What is needed:
Would you give the listing again exactly, without its images?

Input data:
::::

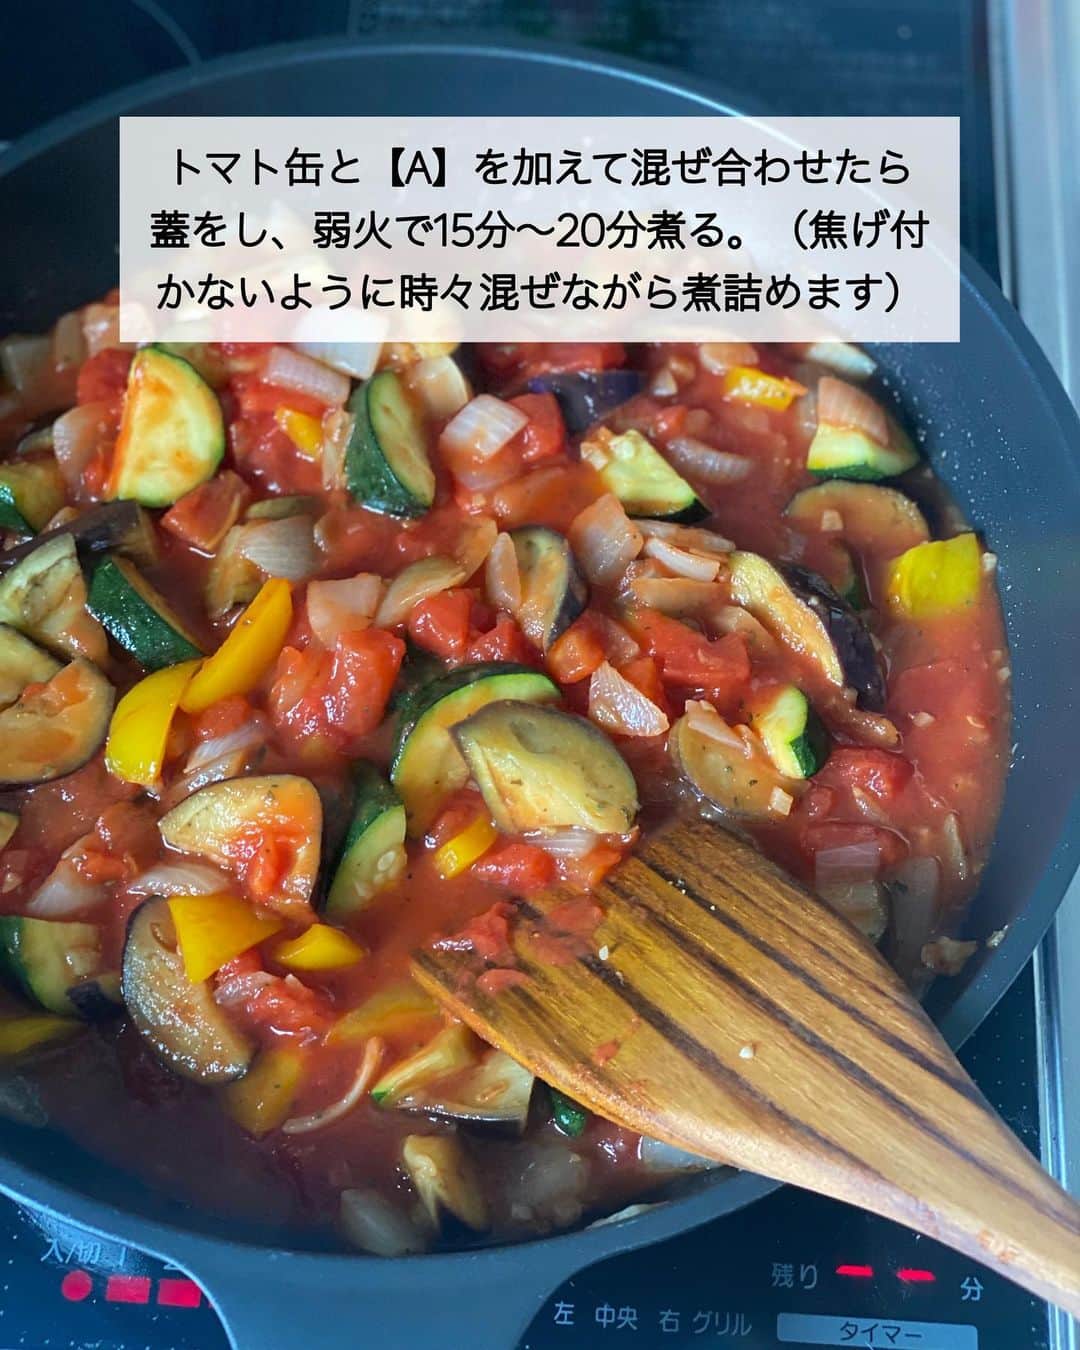 ちおりさんのインスタグラム写真 - (ちおりInstagram)「【旨みがギュッと詰まった】 ⁡ 他のレシピを見る→ @chiori.m.m をチェック✅ ⁡ ⁡ ━︎━︎━︎━︎━︎━︎━︎━︎━︎━︎━︎━︎━︎━︎ 夏野菜たっぷりラタトゥイユ🍅 ━︎━︎━︎━︎━︎━︎━︎━︎━︎━︎━︎━︎━︎━︎ ⁡ ⁡ こんにちは(^ ^) 今日は簡単野菜煮込みです🍆 ⁡ ラタトゥイユは水分が多いと味がボヤけるので 極力少なめにして、煮詰めていくと 旨みがギュッと詰まったコク深な味わいになります。夏は冷やしても◎ ⁡ そのまま食べても、パンに合わせても リメイクするなら そうめんにのせてオリーブオイルをたらしたり ドリアにしたり 色々な料理に使えるので 作り置きしておくと便利です。 ⁡ 白身魚をソテーやムニエルにして一緒に食べるととっても美味しいのでおすすめ☺️←写真あります。 ⁡ ワインのお供🍷にもぜひ^ ^ ⁡ ⁡ ⁡ ________________________________________ ⁡ ⁡ ✍︎ ✍︎recipe ✍︎ ✍︎ ⁡ ⁡ 👩‍🌾【材料】3〜4人分 •なす……………………2本（180g） •ズッキーニ………….1本（150g） •玉ねぎ…………………1個 •パプリカ（黄）……1/2個 •にんにく………………2かけ •オリーブオイル……大さじ2 •塩…………………………小さじ1/4 •カットトマト缶………1缶（400g） A白ワイン（または酒）…大さじ3 Aみりん………………………大さじ1 Aコンソメ顆粒……………大さじ1/2 A砂糖…………………………小さじ1 Aあれば乾燥バジル………小さじ1/2 ⁡ ⁡ ⁡ ________________________________________ ⁡ ⁡ ⁡ 👩‍🍳【作り方】 ❶なすはひと口大に切り、水に3分ほどさらして水気を切る。ズッキーニ、玉ねぎ、パプリカ はひと口に、にんにくはみじん切りにする。 ⁡ ❷フライパンにオリーブオイルを弱火で熱し、にんにくを炒める。香りがたってきたら玉ねぎを加え、やわらかくなるまで弱めの中火で3分ほど炒める。 ⁡ ❸なす、ズッキーニ、パプリカ を加えて塩小さじ1/4をふり、野菜から水分が出てやわらかくなるまで4分ほど炒める。 ⁡ ❹トマト缶と【A】を加えて混ぜ合わせたら蓋をし、弱火で15分〜20分煮る。（焦げ付かないように時々混ぜながら煮詰めます）必要であれば塩少々で味を調えてください。 ⁡ ⁡ ________________________________________ ⁡ ⁡ ⁡ 📝【POINT】 •パプリカはピーマン2個で代用OKです。 ⁡ •バジルをタイム（乾燥）またはオレガノ（乾燥）小さじ1/4で代用しても美味しいです。 ⁡ •工程4で煮詰めていく時は、水分がとんで焦げ付きやすくなるので何度か混ぜ合わせてください。 ⁡ •日持ちは冷蔵で3〜4日。 冷凍する場合は約3週間です。 ⁡ ⁡ ⁡ ≡︎≡︎≡︎≡︎≡︎≡︎≡︎≡︎≡︎≡︎≡︎≡︎≡︎≡︎≡︎≡︎≡︎≡︎≡︎≡︎≡︎≡︎≡︎≡︎≡︎≡︎≡︎≡︎≡︎≡︎≡︎≡︎≡︎≡︎ 【✅新刊レシピ本のお知らせ】 📕ちおり流くり返し作りたいおかず 🙇🏻‍♀️おかげ様で書籍累計10万部を突破しました。 ⁡ ⁡ 全国の書店、Amazon、楽天ブックス 宝島チャンネルにて発売中です。 ⁡ ➤ ➤ ➤ @chiori.m.m のストーリーハイライト。 プロフィールのリンクからご覧いただけます😊 📗ちおりの簡単絶品おかず１、２ 既刊もぜひご覧いただきたいです。 ⁡ ≡︎≡︎≡︎≡︎≡︎≡︎≡︎≡︎≡︎≡︎≡︎≡︎≡︎≡︎≡︎≡︎≡︎≡︎≡︎≡︎≡︎≡︎≡︎≡︎≡︎≡︎≡︎≡︎≡︎≡︎≡︎≡︎≡︎≡︎ ⁡ ⁡ 最後までご覧いただきありがとうございます😊 ⁑ ⁑ ⁑ ⁑ ⁑ ⁑ ⁑  #なす #なすレシピ #ラタトゥイユ   #Nadiaレシピ #Nadiaartist   #料理 #食卓 #献立 #簡単ごはん  #簡単レシピ #節約レシピ #時短レシピ  #日々の暮らし #作り置きレシピ  #ズッキーニレシピ #トマト缶レシピ   #夕飯レシピ #お弁当レシピ #定番レシピ  #料理初心者  #おつまみレシピ #副菜レシピ  #作り置き #料理レシピ #茄子レシピ  #トマト缶 #ラタトゥイユリメイク  #ラタトゥイユレシピ」7月13日 13時02分 - chiori.m.m
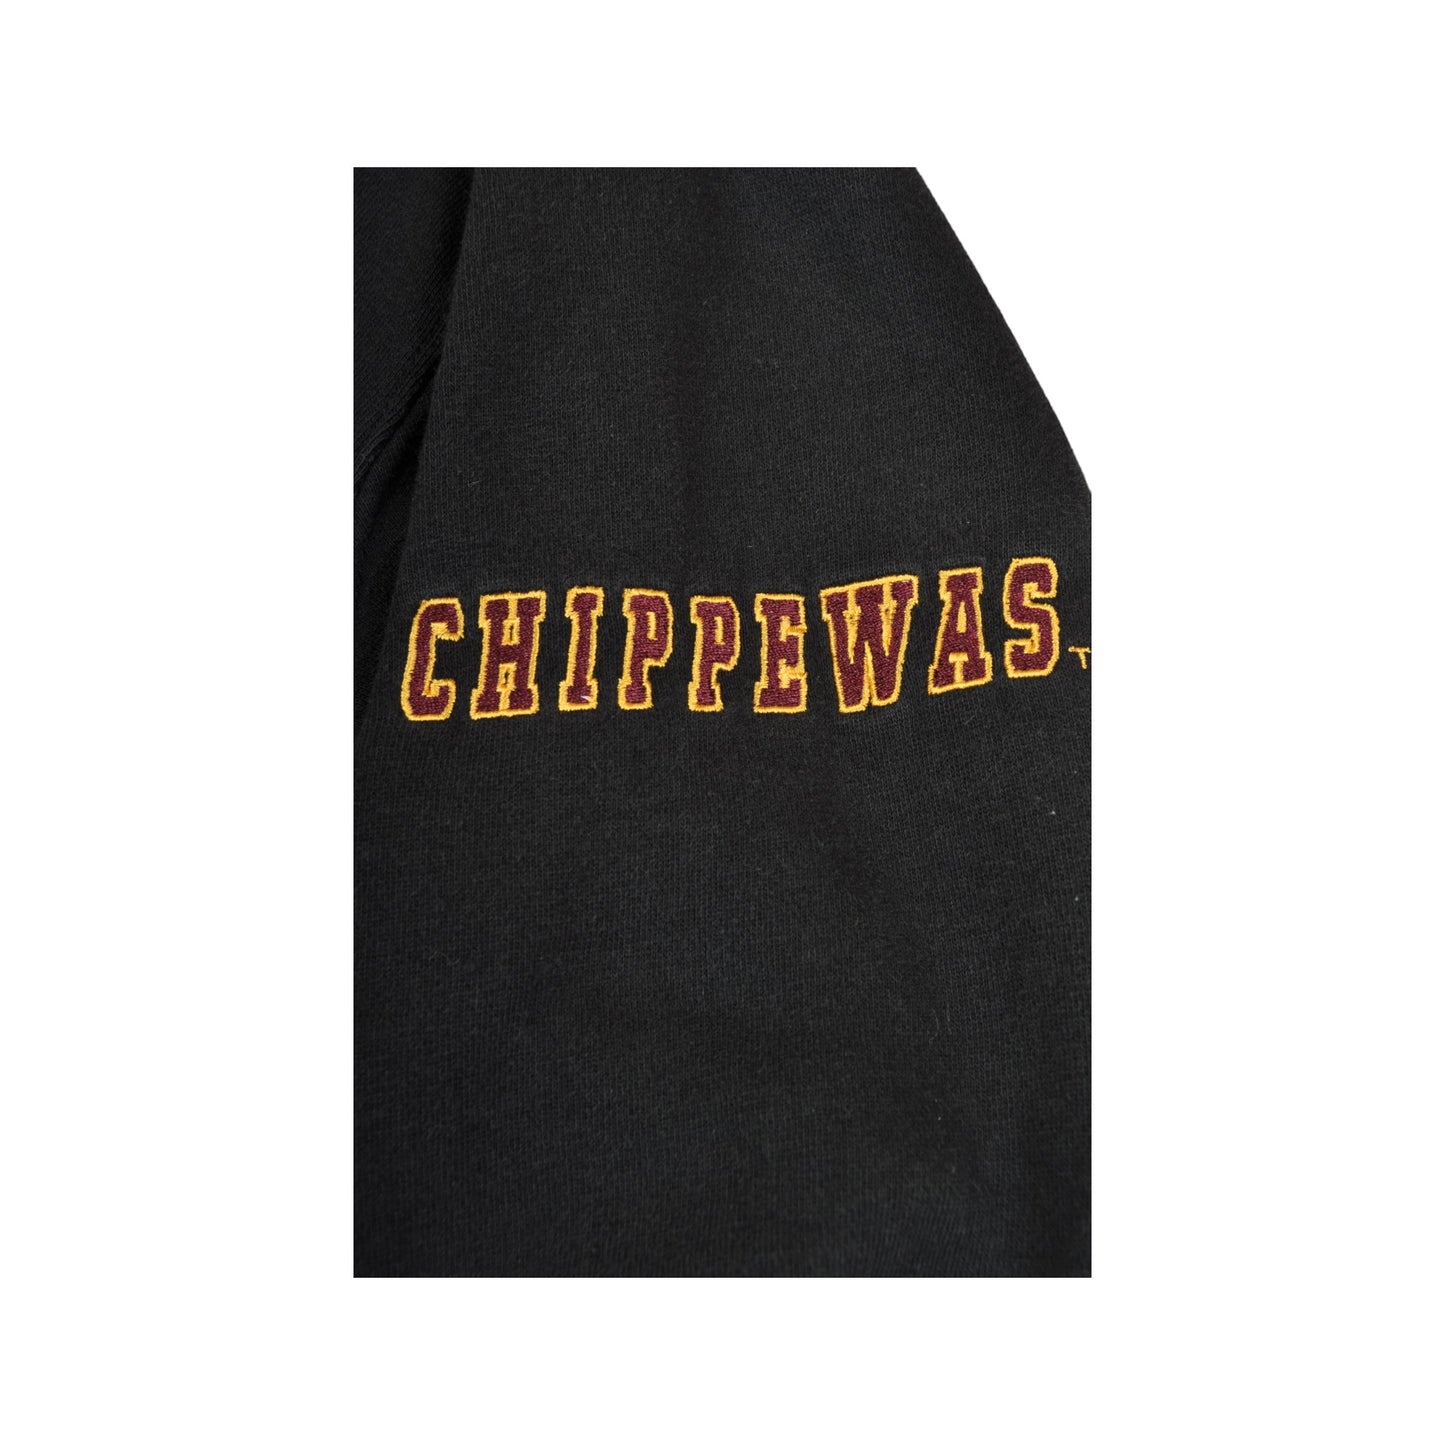 Vintage Central Michigan Chippewas Football Hoodie Sweatshirt Black Ladies Medium
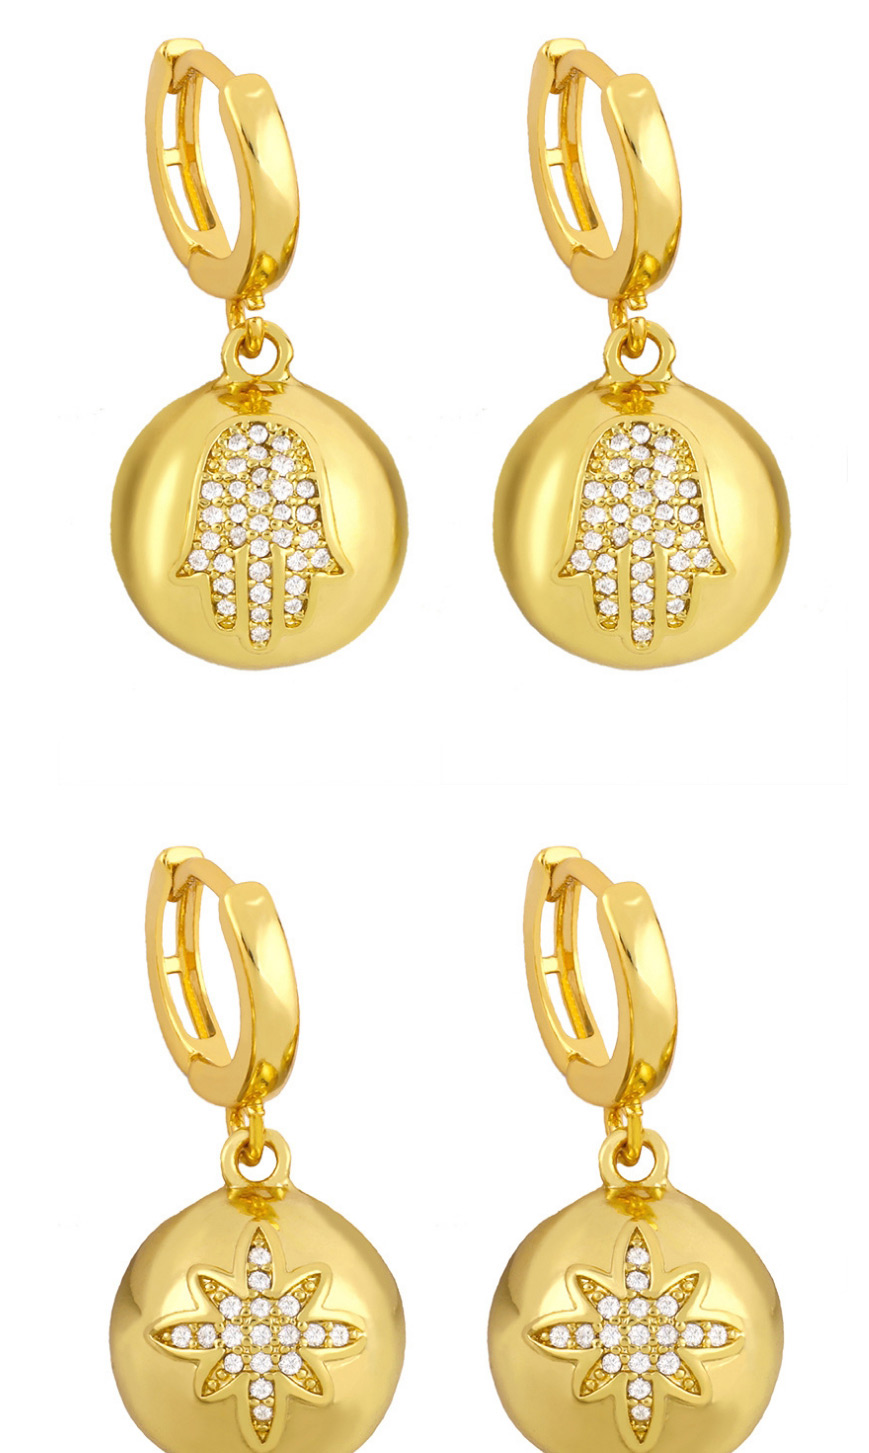 Fashion Palm Stars Moon Balls Diamonds Butterfly Love Heart Geometric Earrings,Earrings

::::

Solved problem:
 ちおりさんのインスタグラム写真 - (ちおりInstagram)「【旨みがギュッと詰まった】 ⁡ 他のレシピを見る→ @chiori.m.m をチェック✅ ⁡ ⁡ ━︎━︎━︎━︎━︎━︎━︎━︎━︎━︎━︎━︎━︎━︎ 夏野菜たっぷりラタトゥイユ🍅 ━︎━︎━︎━︎━︎━︎━︎━︎━︎━︎━︎━︎━︎━︎ ⁡ ⁡ こんにちは(^ ^) 今日は簡単野菜煮込みです🍆 ⁡ ラタトゥイユは水分が多いと味がボヤけるので 極力少なめにして、煮詰めていくと 旨みがギュッと詰まったコク深な味わいになります。夏は冷やしても◎ ⁡ そのまま食べても、パンに合わせても リメイクするなら そうめんにのせてオリーブオイルをたらしたり ドリアにしたり 色々な料理に使えるので 作り置きしておくと便利です。 ⁡ 白身魚をソテーやムニエルにして一緒に食べるととっても美味しいのでおすすめ☺️←写真あります。 ⁡ ワインのお供🍷にもぜひ^ ^ ⁡ ⁡ ⁡ ________________________________________ ⁡ ⁡ ✍︎ ✍︎recipe ✍︎ ✍︎ ⁡ ⁡ 👩‍🌾【材料】3〜4人分 •なす……………………2本（180g） •ズッキーニ………….1本（150g） •玉ねぎ…………………1個 •パプリカ（黄）……1/2個 •にんにく………………2かけ •オリーブオイル……大さじ2 •塩…………………………小さじ1/4 •カットトマト缶………1缶（400g） A白ワイン（または酒）…大さじ3 Aみりん………………………大さじ1 Aコンソメ顆粒……………大さじ1/2 A砂糖…………………………小さじ1 Aあれば乾燥バジル………小さじ1/2 ⁡ ⁡ ⁡ ________________________________________ ⁡ ⁡ ⁡ 👩‍🍳【作り方】 ❶なすはひと口大に切り、水に3分ほどさらして水気を切る。ズッキーニ、玉ねぎ、パプリカ はひと口に、にんにくはみじん切りにする。 ⁡ ❷フライパンにオリーブオイルを弱火で熱し、にんにくを炒める。香りがたってきたら玉ねぎを加え、やわらかくなるまで弱めの中火で3分ほど炒める。 ⁡ ❸なす、ズッキーニ、パプリカ を加えて塩小さじ1/4をふり、野菜から水分が出てやわらかくなるまで4分ほど炒める。 ⁡ ❹トマト缶と【A】を加えて混ぜ合わせたら蓋をし、弱火で15分〜20分煮る。（焦げ付かないように時々混ぜながら煮詰めます）必要であれば塩少々で味を調えてください。 ⁡ ⁡ ________________________________________ ⁡ ⁡ ⁡ 📝【POINT】 •パプリカはピーマン2個で代用OKです。 ⁡ •バジルをタイム（乾燥）またはオレガノ（乾燥）小さじ1/4で代用しても美味しいです。 ⁡ •工程4で煮詰めていく時は、水分がとんで焦げ付きやすくなるので何度か混ぜ合わせてください。 ⁡ •日持ちは冷蔵で3〜4日。 冷凍する場合は約3週間です。 ⁡ ⁡ ⁡ ≡︎≡︎≡︎≡︎≡︎≡︎≡︎≡︎≡︎≡︎≡︎≡︎≡︎≡︎≡︎≡︎≡︎≡︎≡︎≡︎≡︎≡︎≡︎≡︎≡︎≡︎≡︎≡︎≡︎≡︎≡︎≡︎≡︎≡︎ 【✅新刊レシピ本のお知らせ】 📕ちおり流くり返し作りたいおかず 🙇🏻‍♀️おかげ様で書籍累計10万部を突破しました。 ⁡ ⁡ 全国の書店、Amazon、楽天ブックス 宝島チャンネルにて発売中です。 ⁡ ➤ ➤ ➤ @chiori.m.m のストーリーハイライト。 プロフィールのリンクからご覧いただけます😊 📗ちおりの簡単絶品おかず１、２ 既刊もぜひご覧いただきたいです。 ⁡ ≡︎≡︎≡︎≡︎≡︎≡︎≡︎≡︎≡︎≡︎≡︎≡︎≡︎≡︎≡︎≡︎≡︎≡︎≡︎≡︎≡︎≡︎≡︎≡︎≡︎≡︎≡︎≡︎≡︎≡︎≡︎≡︎≡︎≡︎ ⁡ ⁡ 最後までご覧いただきありがとうございます😊 ⁑ ⁑ ⁑ ⁑ ⁑ ⁑ ⁑  #なす #なすレシピ #ラタトゥイユ   #Nadiaレシピ #Nadiaartist   #料理 #食卓 #献立 #簡単ごはん  #簡単レシピ #節約レシピ #時短レシピ  #日々の暮らし #作り置きレシピ  #ズッキーニレシピ #トマト缶レシピ   #夕飯レシピ #お弁当レシピ #定番レシピ  #料理初心者  #おつまみレシピ #副菜レシピ  #作り置き #料理レシピ #茄子レシピ  #トマト缶 #ラタトゥイユリメイク  #ラタトゥイユレシピ」7月13日 13時02分 - chiori.m.m
 Vintage Central Michigan Chippewas Football Hoodie Sweatshirt Black Ladies Medium
 Fashion Palm Stars Moon Balls Diamonds Butterfly Love Heart Geometric Earrings,Earrings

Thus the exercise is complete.